Task requirements
Leaving out the pictures, write out exactly each line from the line with "Mud Pie 48010008" through the close of the listing below.

Information shown
--- START ---

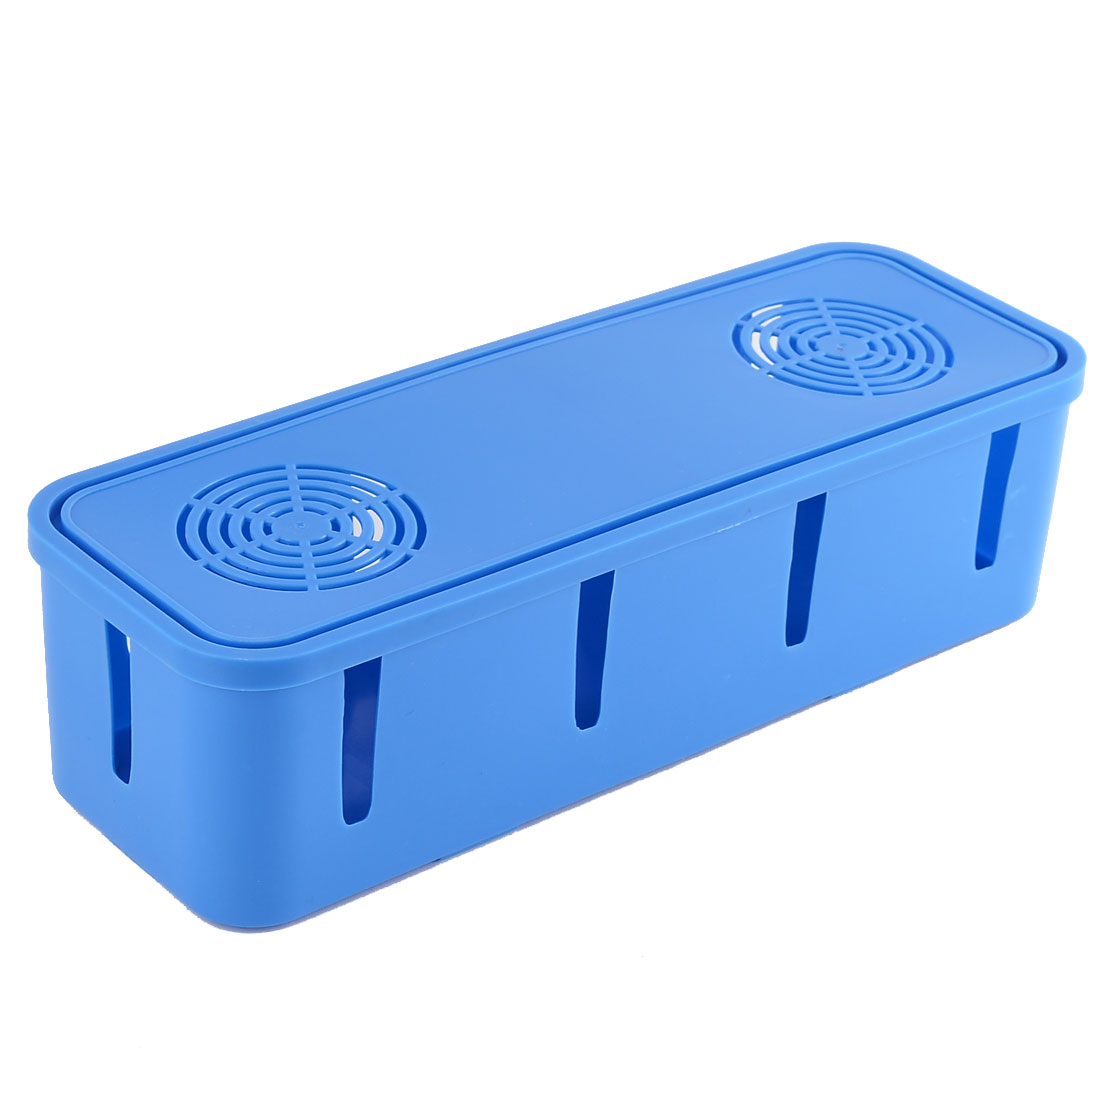 Plastic 10 Holes Design Security Power Cord Socket Storage Case Box Blue
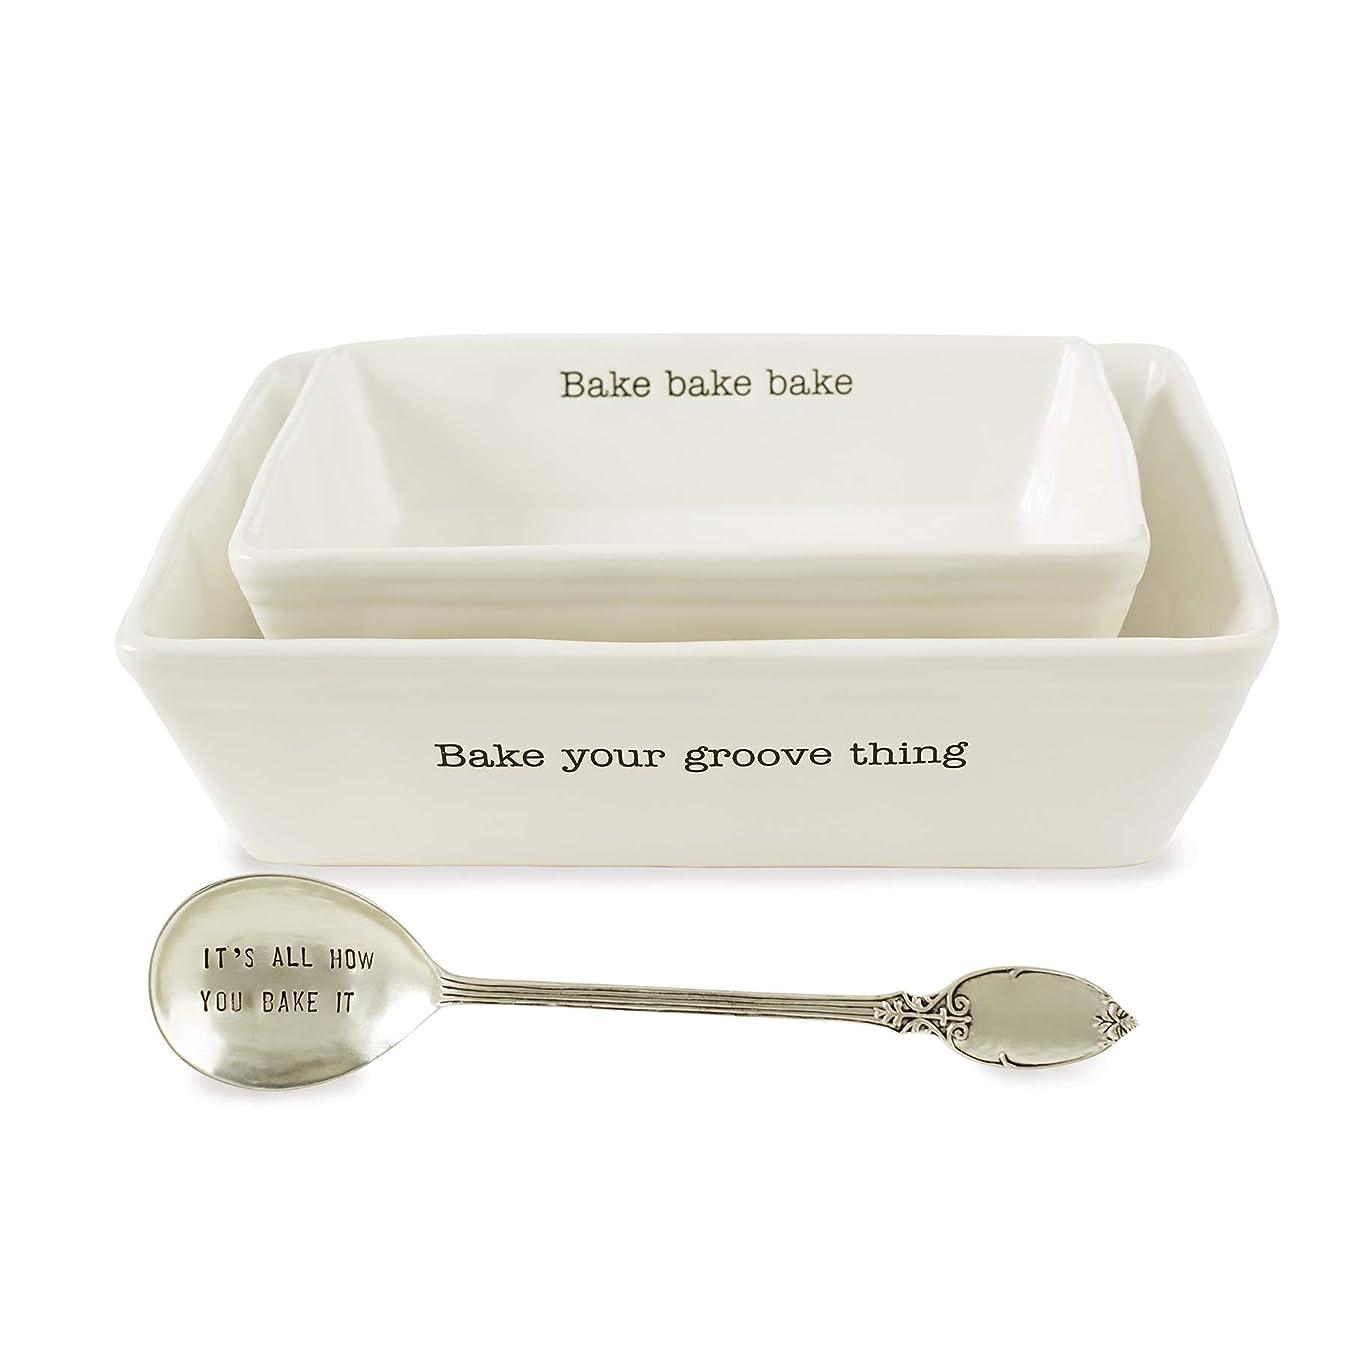 Mud Pie 48010008 Farmhouse Inspired Set of 2 Serving Spoon Baking Dish Set, One Size, White
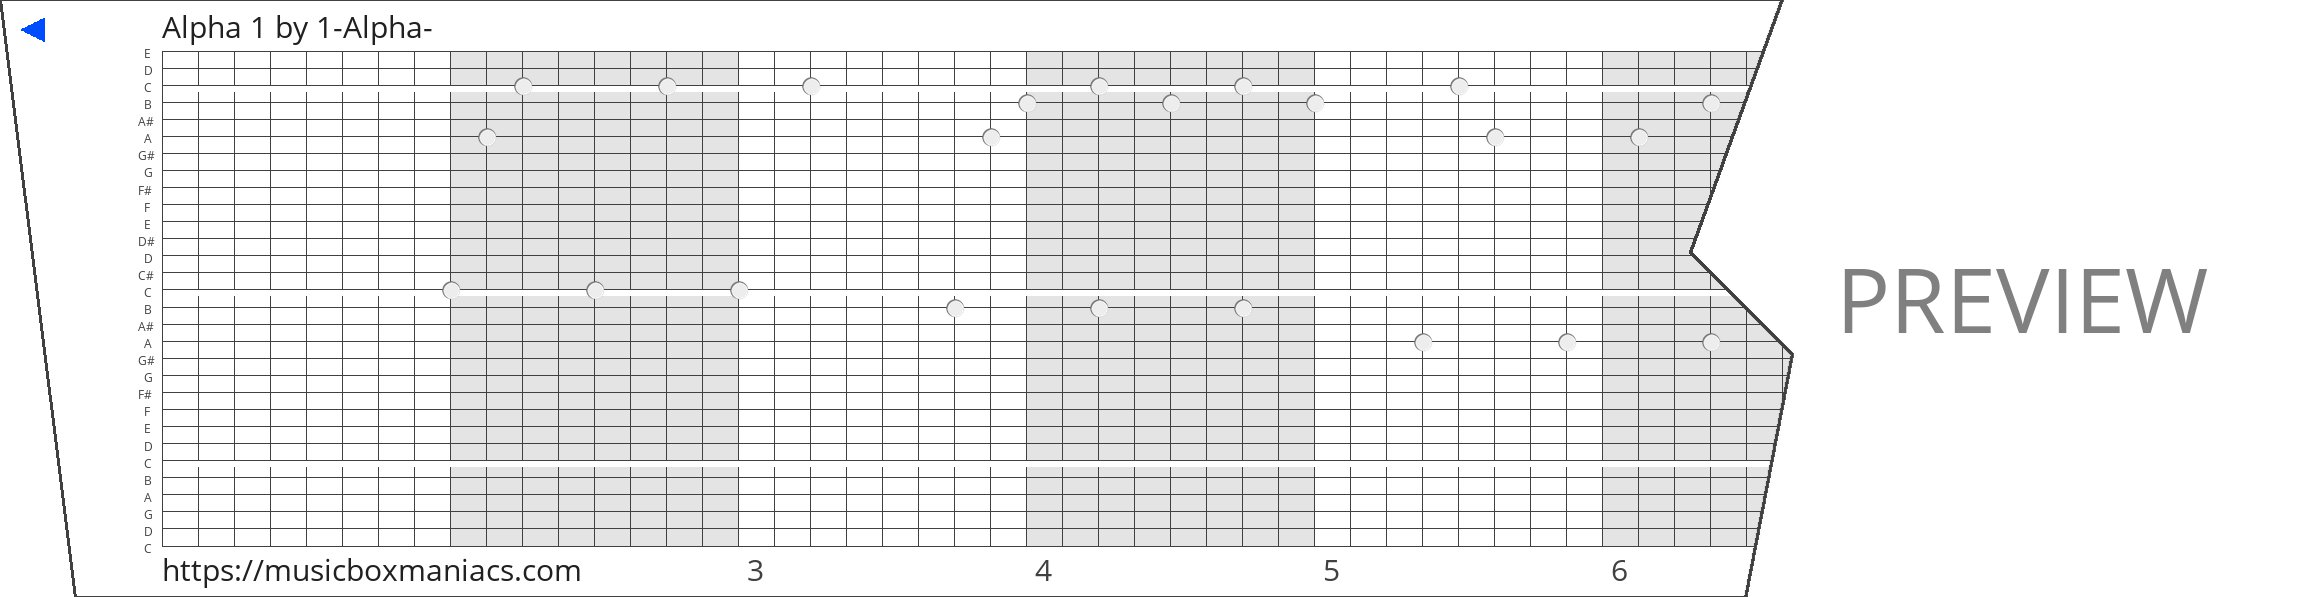 Alpha 1 30 note music box paper strip
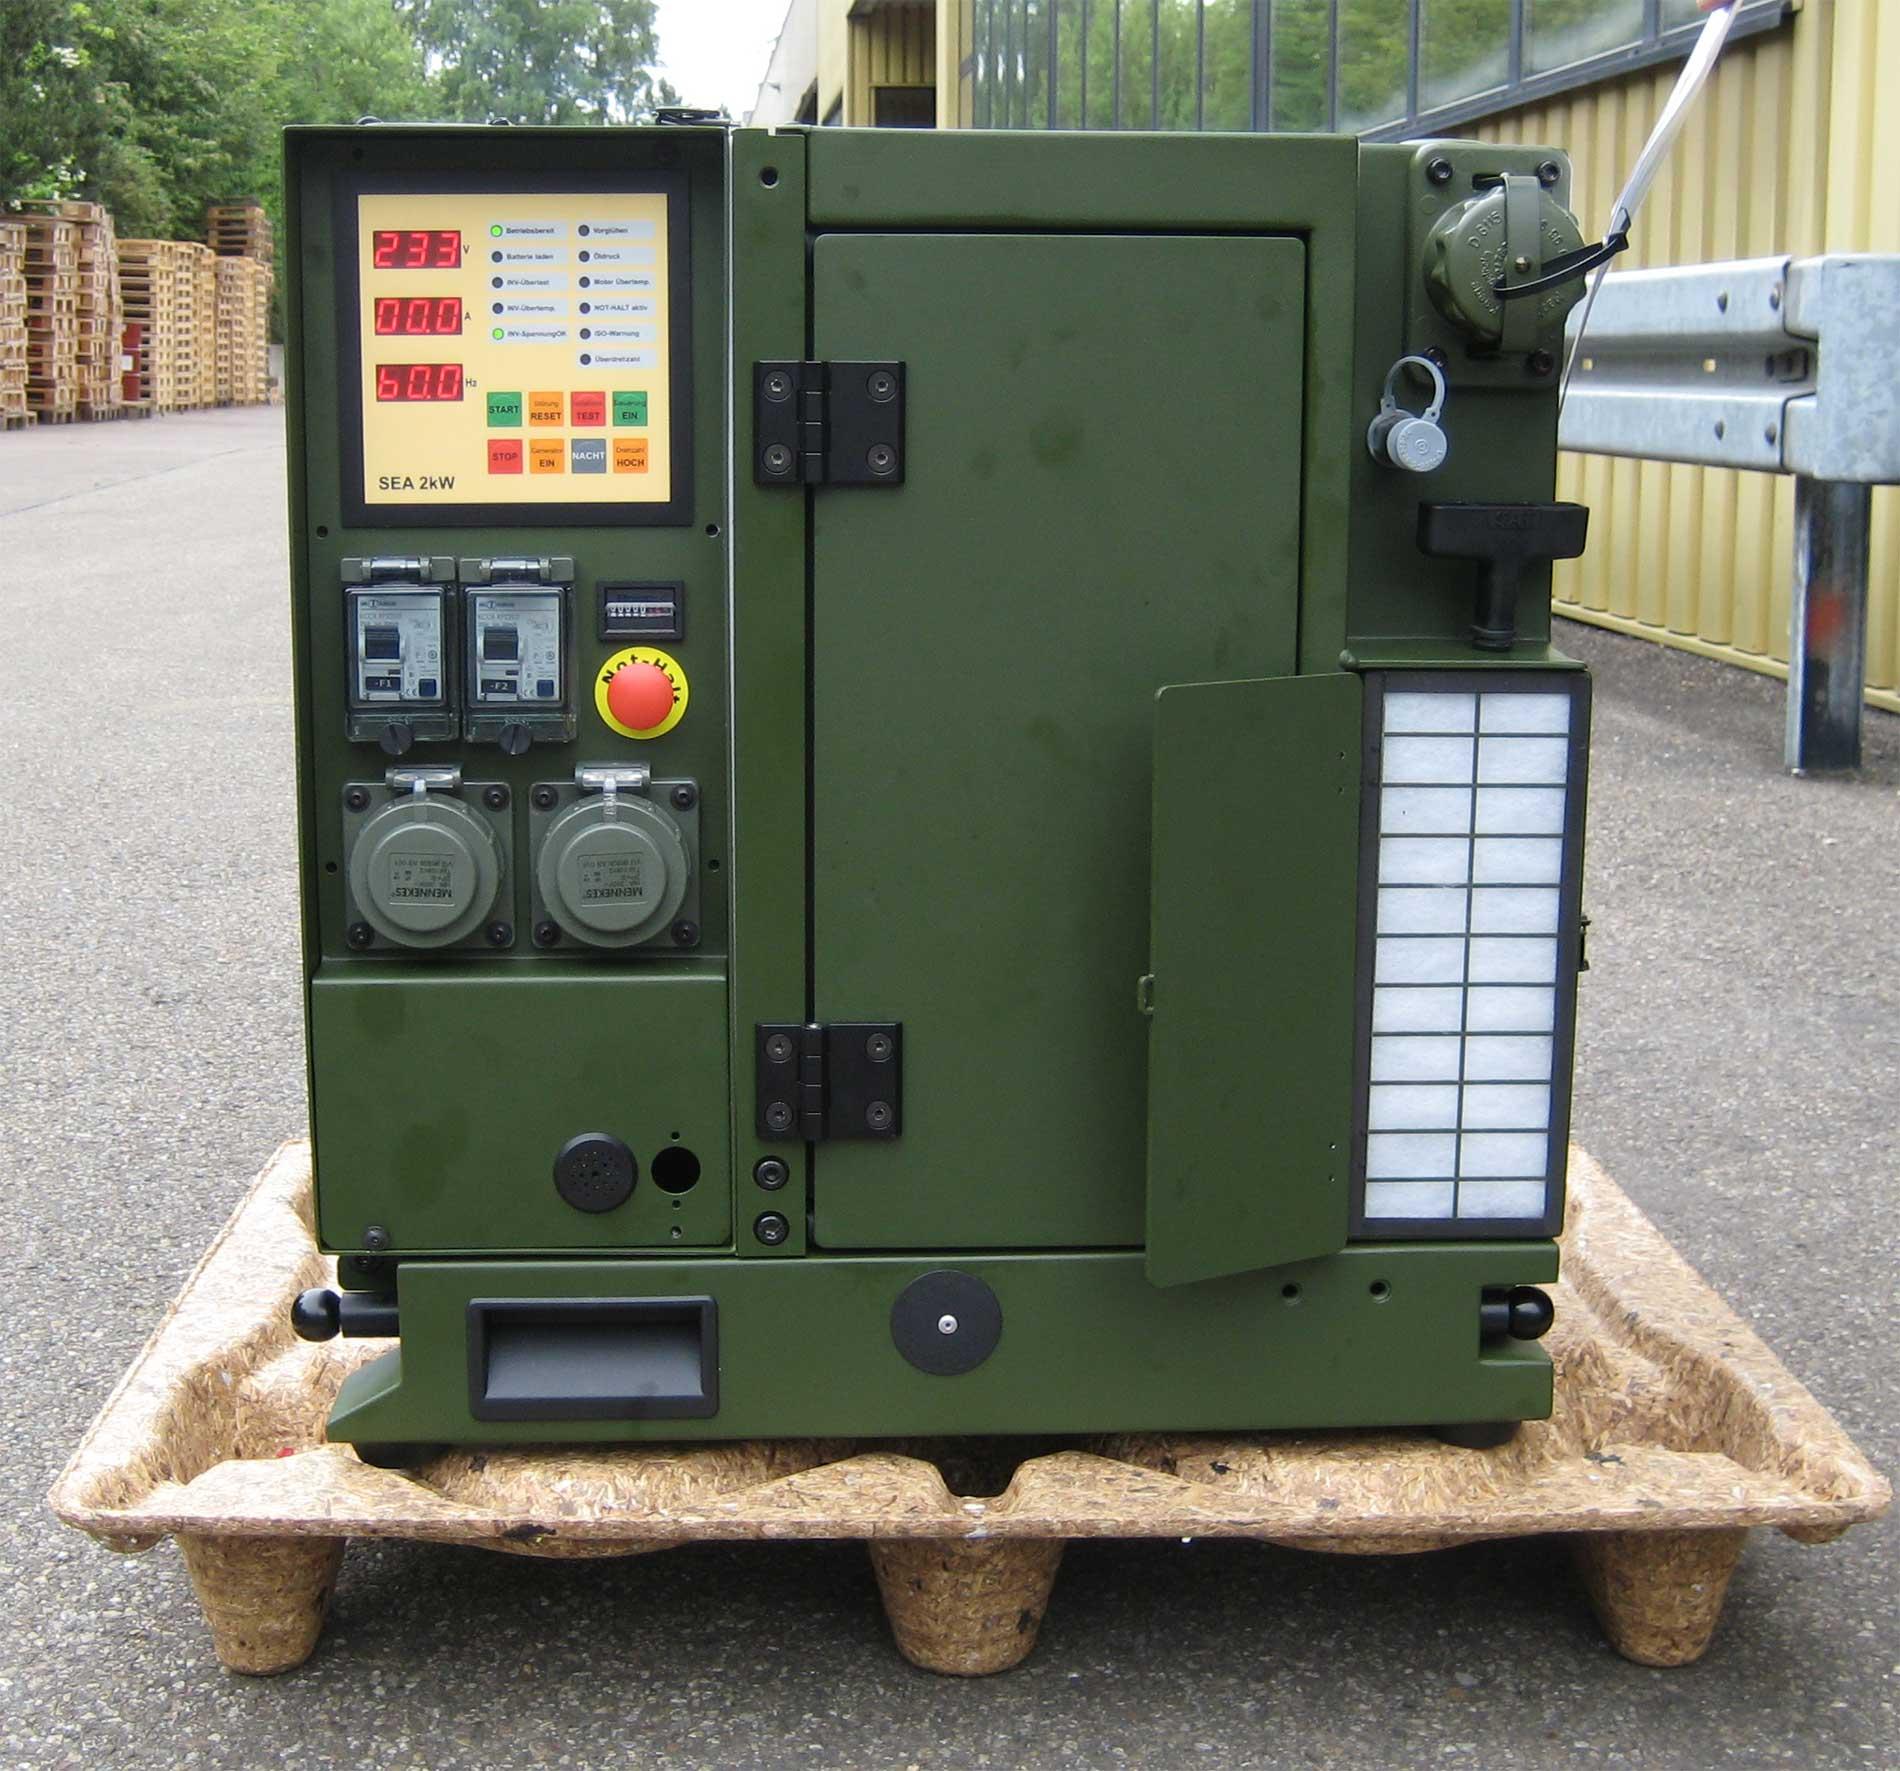 IRON DOME IDF - גנרטור בשרות כיפת ברזל

--- END ---

Final answer
 Mud Pie 48010008 Farmhouse Inspired Set of 2 Serving Spoon Baking Dish Set, One Size, White
 Alpha 1 30 note music box paper strip
 IRON DOME IDF - גנרטור בשרות כיפת ברזל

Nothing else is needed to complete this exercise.